Data provided
┌──

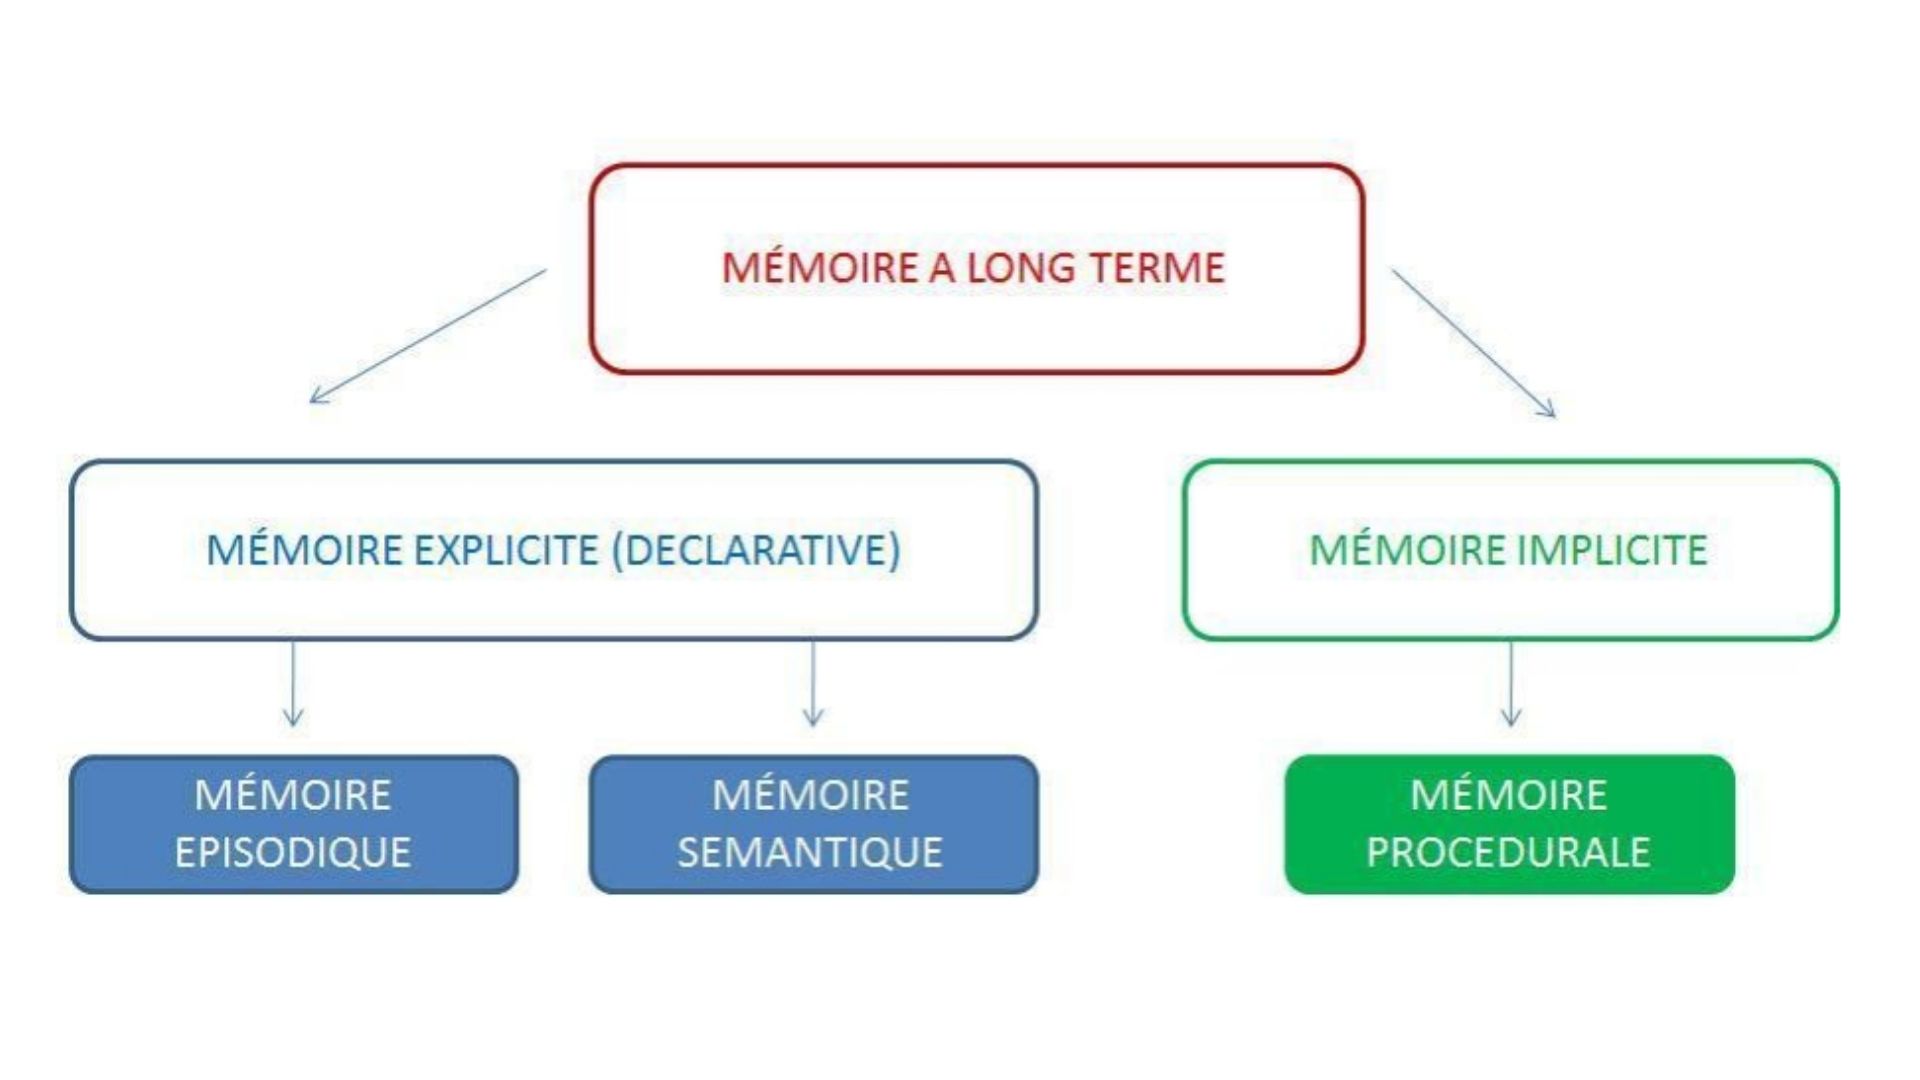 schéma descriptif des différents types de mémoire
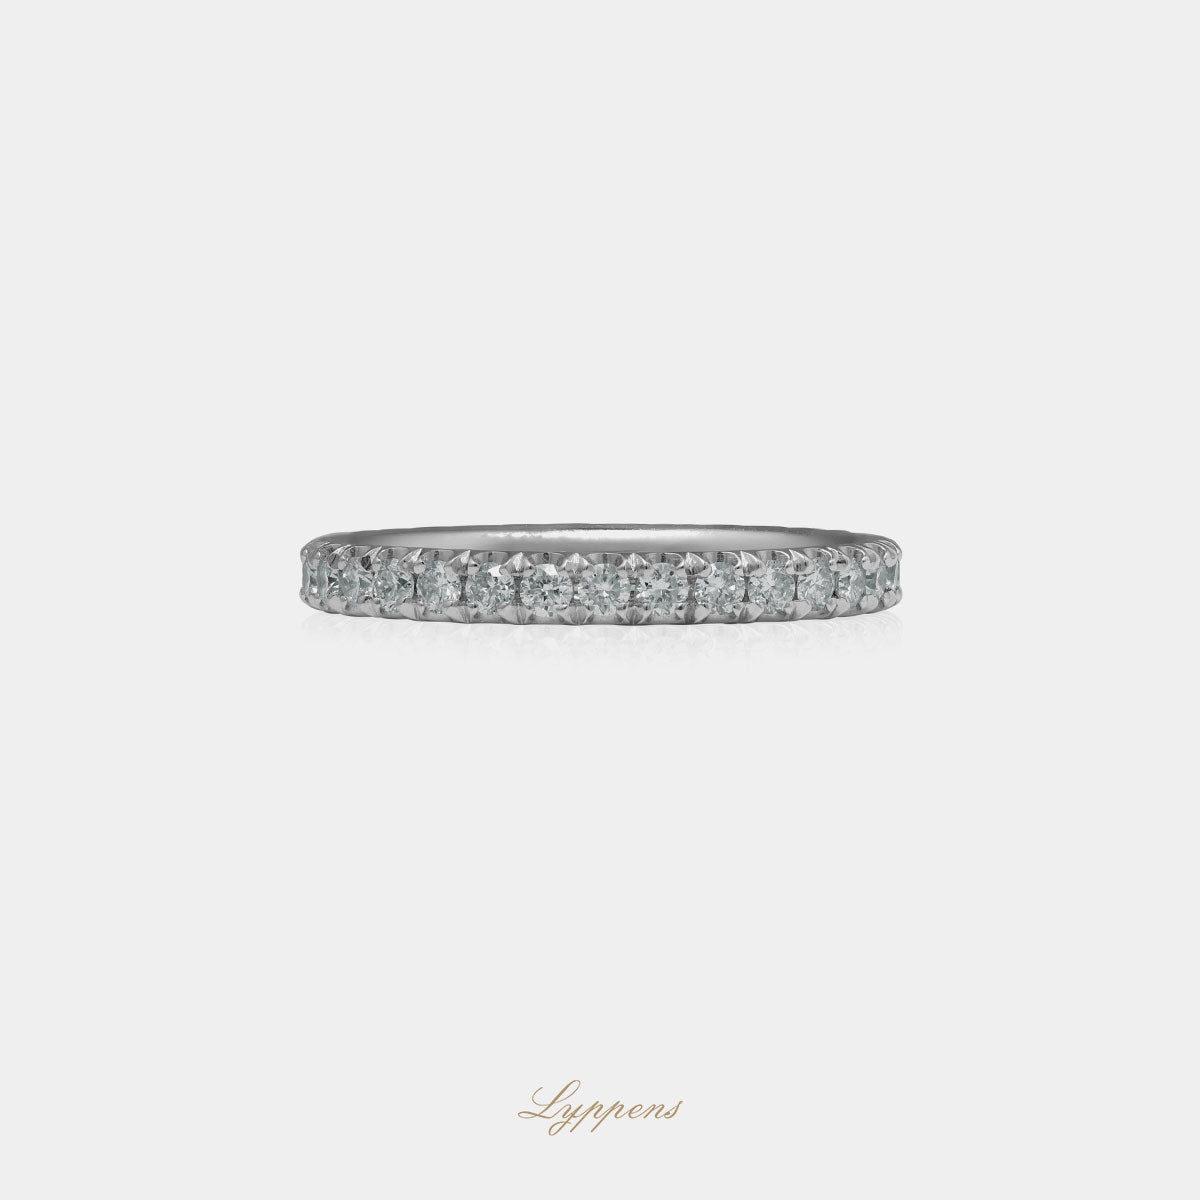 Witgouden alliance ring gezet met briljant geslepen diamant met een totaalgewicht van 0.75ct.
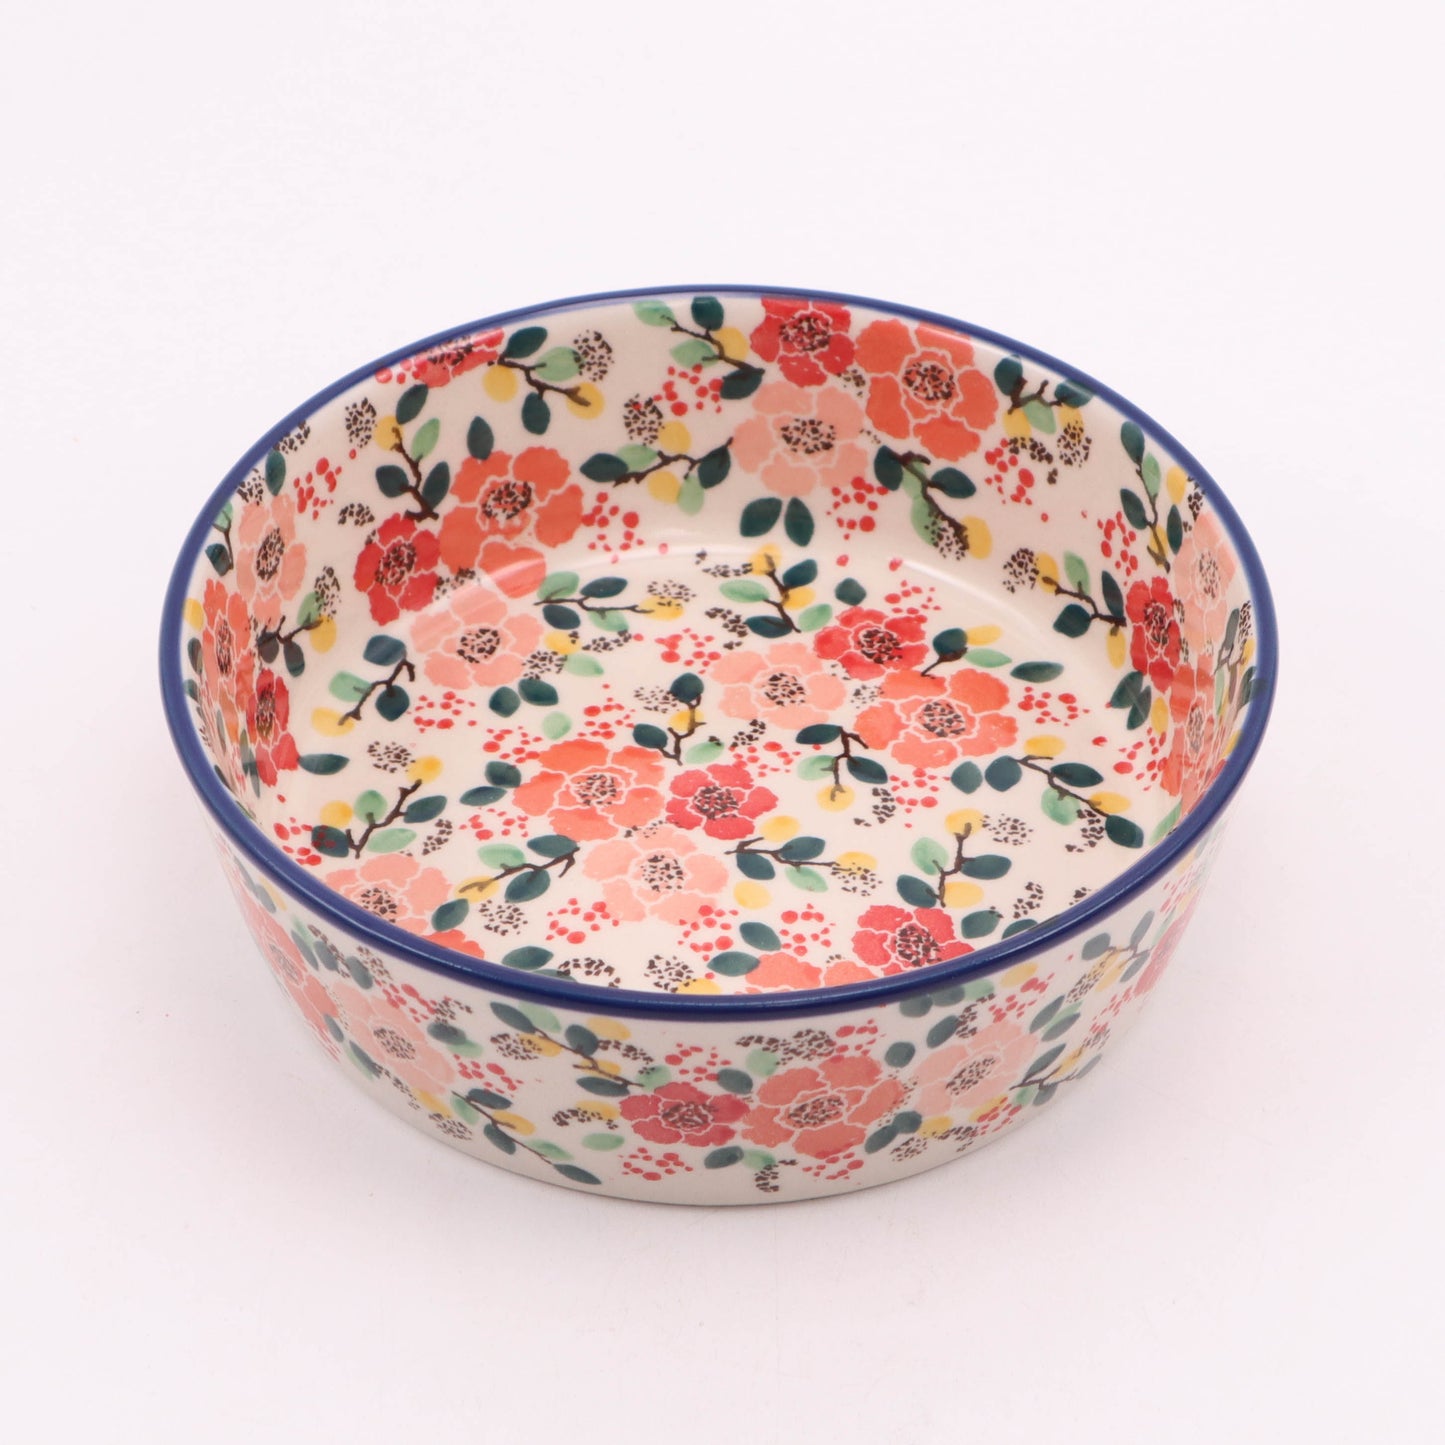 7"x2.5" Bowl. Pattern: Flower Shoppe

└──

Copy the data exactly. Any picture it contains is to be omitted.

Result of the exercise
 schéma descriptif des différents types de mémoire
 Witgouden alliance ring gezet met briljant geslepen diamant met een totaalgewicht van 0.75ct.
 7"x2.5" Bowl. Pattern: Flower Shoppe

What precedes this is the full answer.